I have a girlfriend who I haven't seen in a short amount of time (About three weeks) and usually I see her a lot. Recently, I've been having lots of dreams with this one girl I used to have a crush on. Does this mean anything? 
Other than the obvious...

----------


## hermine_hesse

I think this thread probably belongs in the dream interpretation forum.

It's hard to say what these dreams mean w/o context.  Do you still have feelings for this girl?  If so, then you already know what they are about.  If not, maybe you're just missing having your girl around.  Maybe you've been innocently wondering about this other girl.  Maybe the dreams represent something else entirely.  

Posting more details - specific dream plot, how you felt in the dream, how you feel about these things in real life - might be helping if you want more specific interpretation.

----------


## KwikDraw13

Most of the dreams took place while I was at the same school as her, or when I had a crush. Sorry, I didn't see a dream interpretation section...

----------


## ShadowOfSelf

> Recently, I've been having lots of dreams with this one girl I used to have a crush on. Does this mean anything?
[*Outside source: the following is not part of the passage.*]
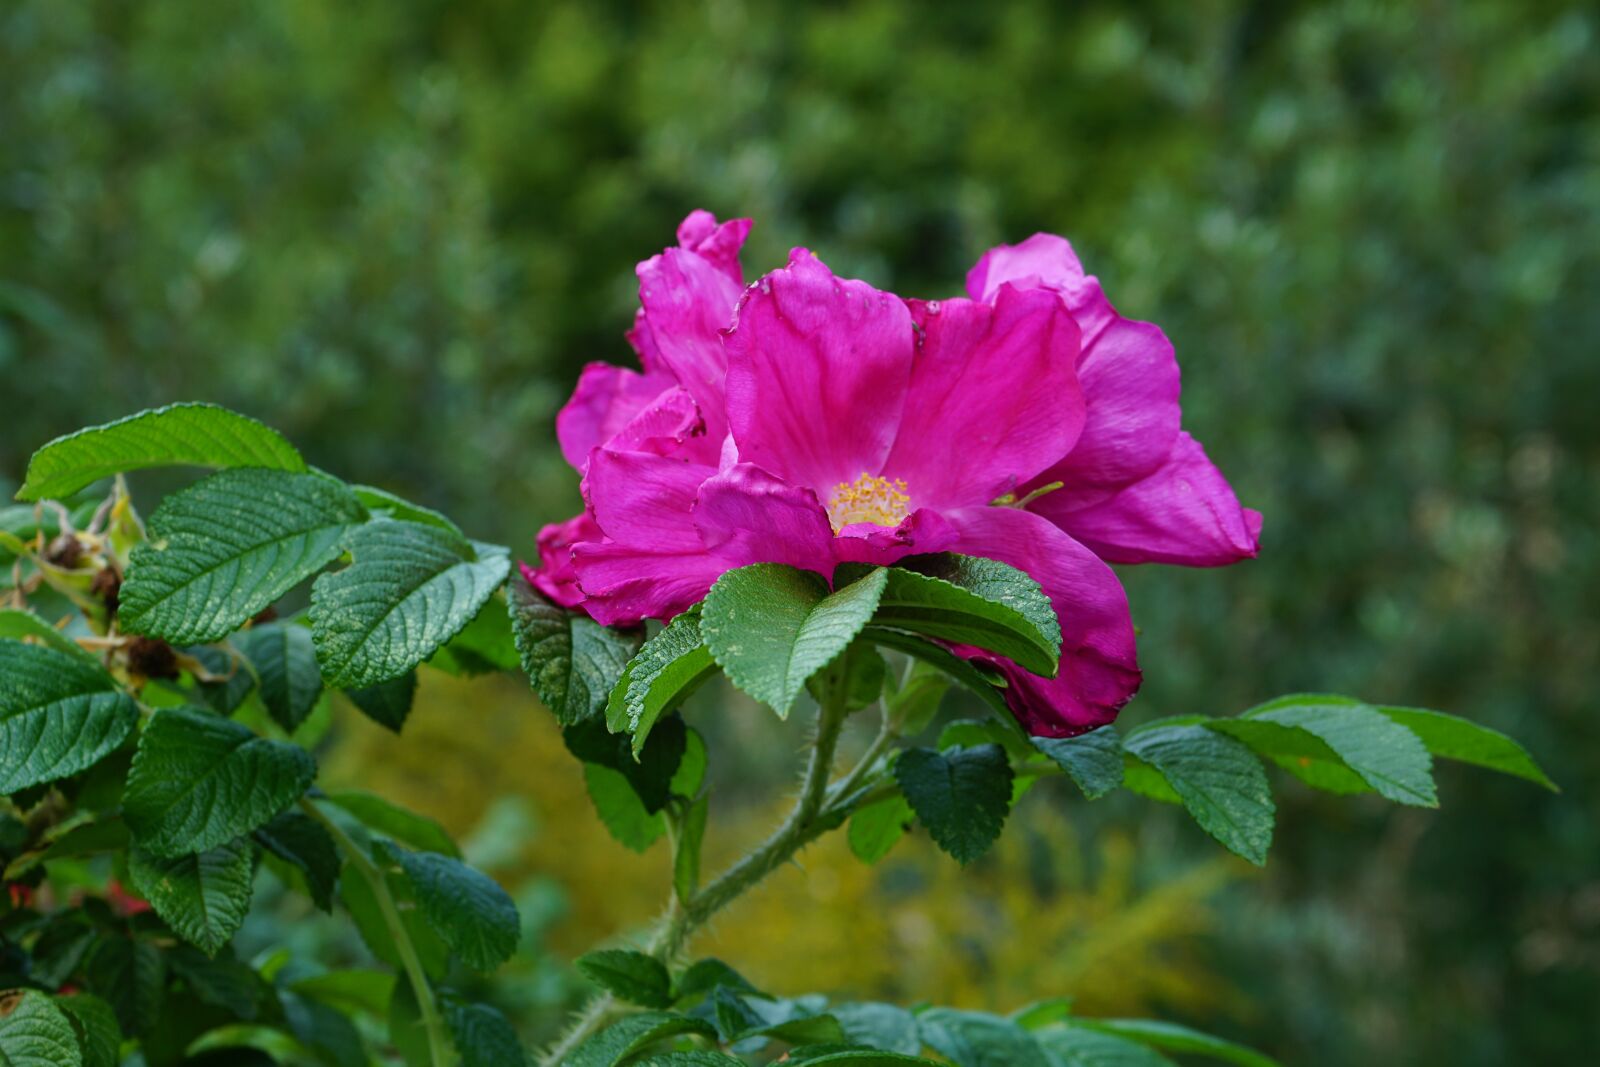 Sony FE 28-70mm F3.5-5.6 OSS sample photo. Flower, shrub, rose hip photography

Only if you think it means something........

----------


## Erii

Moved to Dream Interpretation~

----------


## Egor

I believe this dream is telling you that the girl you haven't seen in three weeks will become a past love affair. Don't be too concerned about this. You'll meet your soul mate and you will see that all things had to happen as they did in order for you to meet her.

Good luck to you.  ::goodjob2::

----------